The trial, overseen by an Australian University, required 4500 subjects, with about 1500 to
come from Queensland over 18 months.
(a) (3 marks) Is this study observational or experimental? Justify your answer in less than 50
words.
(b) (3 marks) Does there appear to be control, replication and randomisation? Explain each of
these in the context of the above statements.
(c) (3 marks) What is the explanatory variable and response variable?
(d) (3 marks) What do you think the objective of the above study was?

Question 6

(24 marks)

Consider the data in the file body.sav again. Researchers want to know if for female participants,
there is a relationship between hip girth and waist girth.
(a) (2 marks) What are the two variables you will need to include in your analysis? Which
subgroup is being examined in this question?
(b) (4 marks) Select the participants who are female. Use an appropriate graph to display the
relationship between the two variables identified in part (a) for these participants. Label the
axes correctly, include units of measure and provide an appropriate title. Include your name
in the title of your graph.
(c) (4 marks) From the graph in part (b), describe (in no more than 30 words) the form, direction
and scatter of this relationship, and identify any outliers.

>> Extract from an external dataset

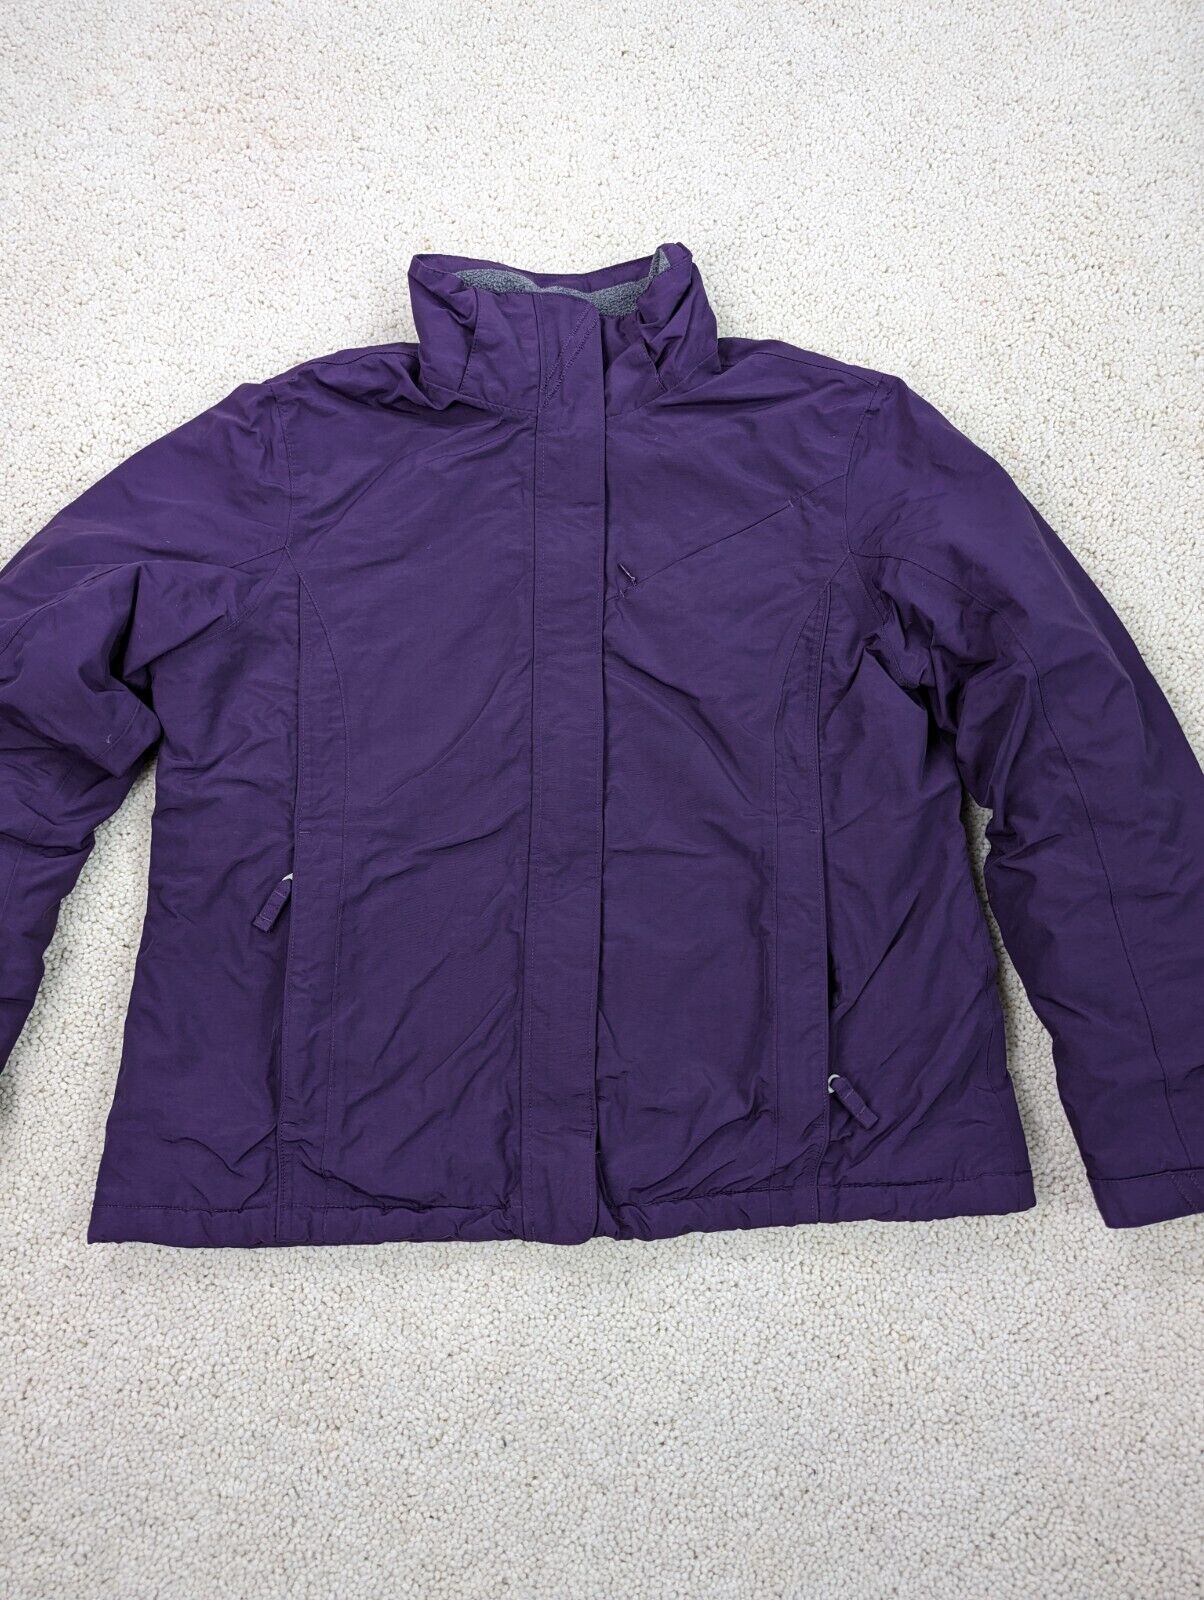 Lands End Jacket Womens Medium Petite Purple The … - image 1

(d) (4 marks) Calculate an appropriate statistic to measure only the strength of the relationship
between the two variables for these participants.
Interpret this statistic.
(e) (4 marks) Use SPSS to find the equation of the regression line which could be used to predict
the waist girth from the participants hip girth for females only.
State the equation and include this line on the graph produced in part (b).
(f) (4 marks) Using the information found in part (e), interpret the following:
The intercept of the regression line
The slope of the regression line
(g) (2 marks) Using the regression equation from part (e), predict the waist girth of a female who
has a hip girth of 70cm.
Would you expect this to be an accurate prediction? Why?